I would have guessed that those elements would be phosphate, nitrite, nitrate, and ammonia. You probably already know that the bacteria in you tanks are supposed to be how you’re dealing with ammonia, producing nitrites, which are consumed by another species of bacteria, producing nitrate, which is consumed by the macro algae in your sump, which you’re removIng. You’re probably running a skimmer and it is supposed to be pulling out the phosphates along with DOCs in your water, or you might run chemi-clean or phosban on top of that.

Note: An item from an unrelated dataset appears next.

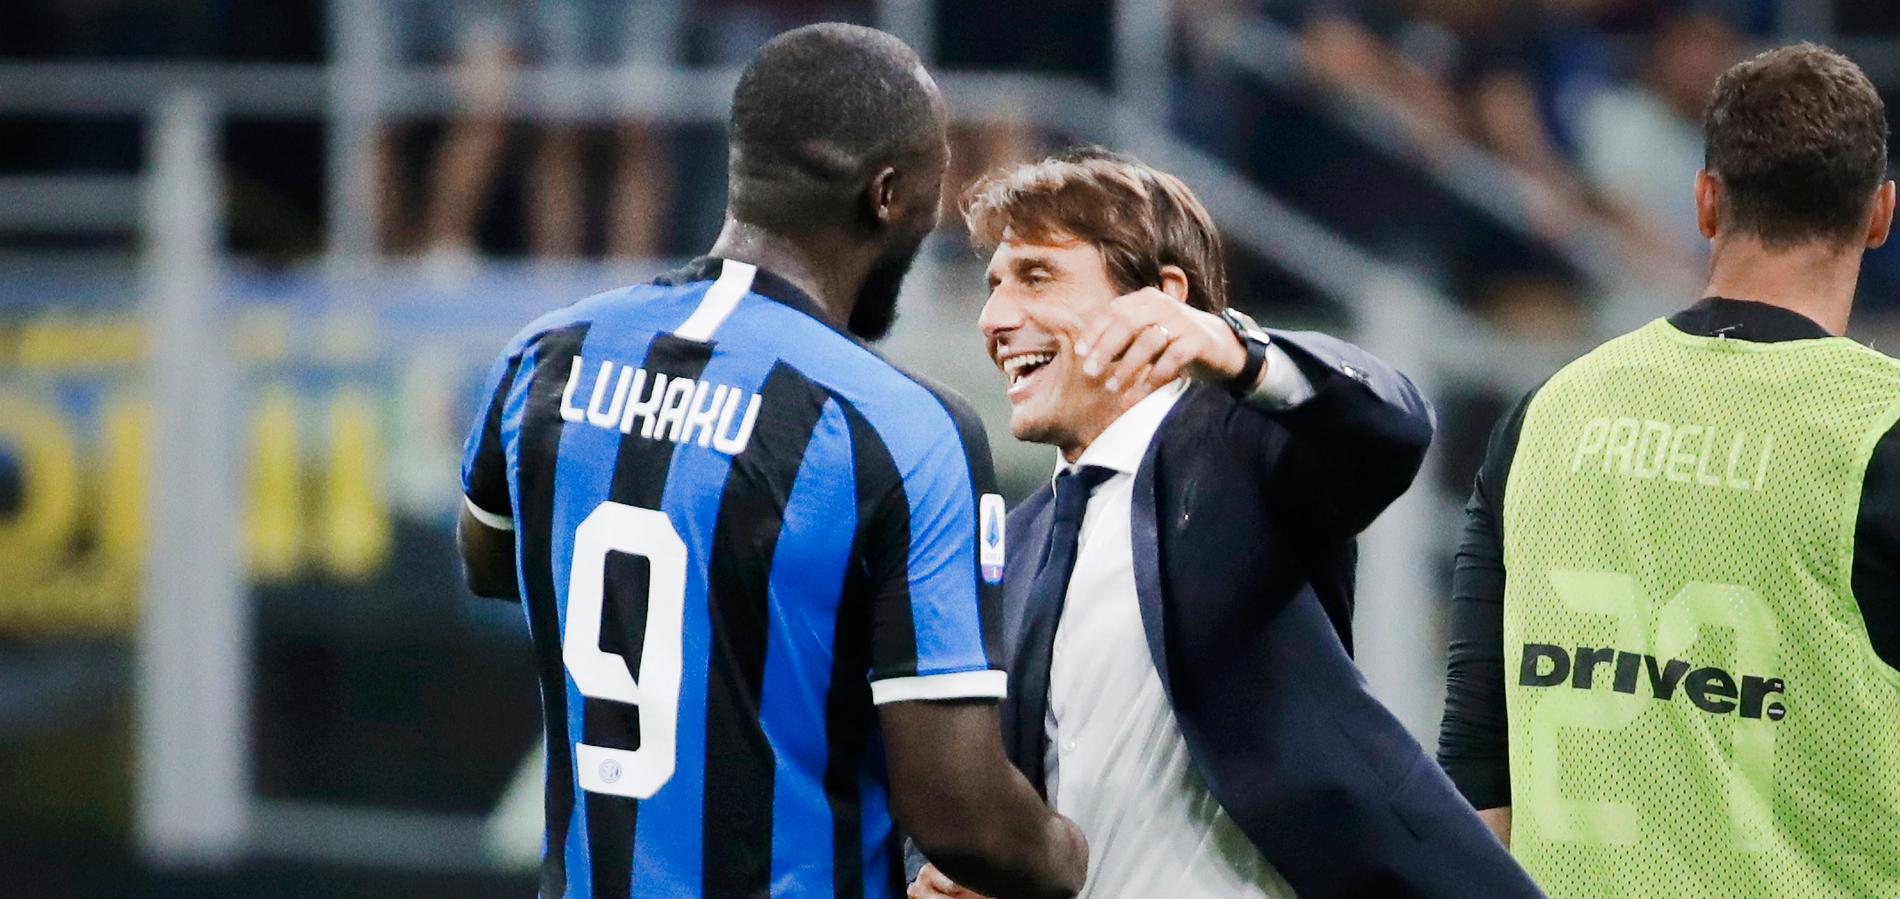 Lukaku får en kram av Conte.

So I’m not sure what your magic “RO without RO/DI without DI” filter is supposed to remove that you don’t already have a filter for. And the reason we do water changes is that the other filtration doesn’t do a perfect job, and replacing 20% of the water replenishes all trace elements while simultaneously diluting phosphate and nitrate. Since you have perfect dosing for all trace elements already, all you really need to do is step up your skimmer’s game, make sure your macro is growing strong, and maybe remove dead animals before they can overwhelm your system.
Up until this point I have merely stated things that are to the best of my knowledge facts of the true kind, and not of the alternative kind. I’ll restate my opinion that “old tank syndrome” is due to aquarists who aren’t aware of the slow damage lack of water changes causes, and eventually pay the price. That, however, is just my opinion.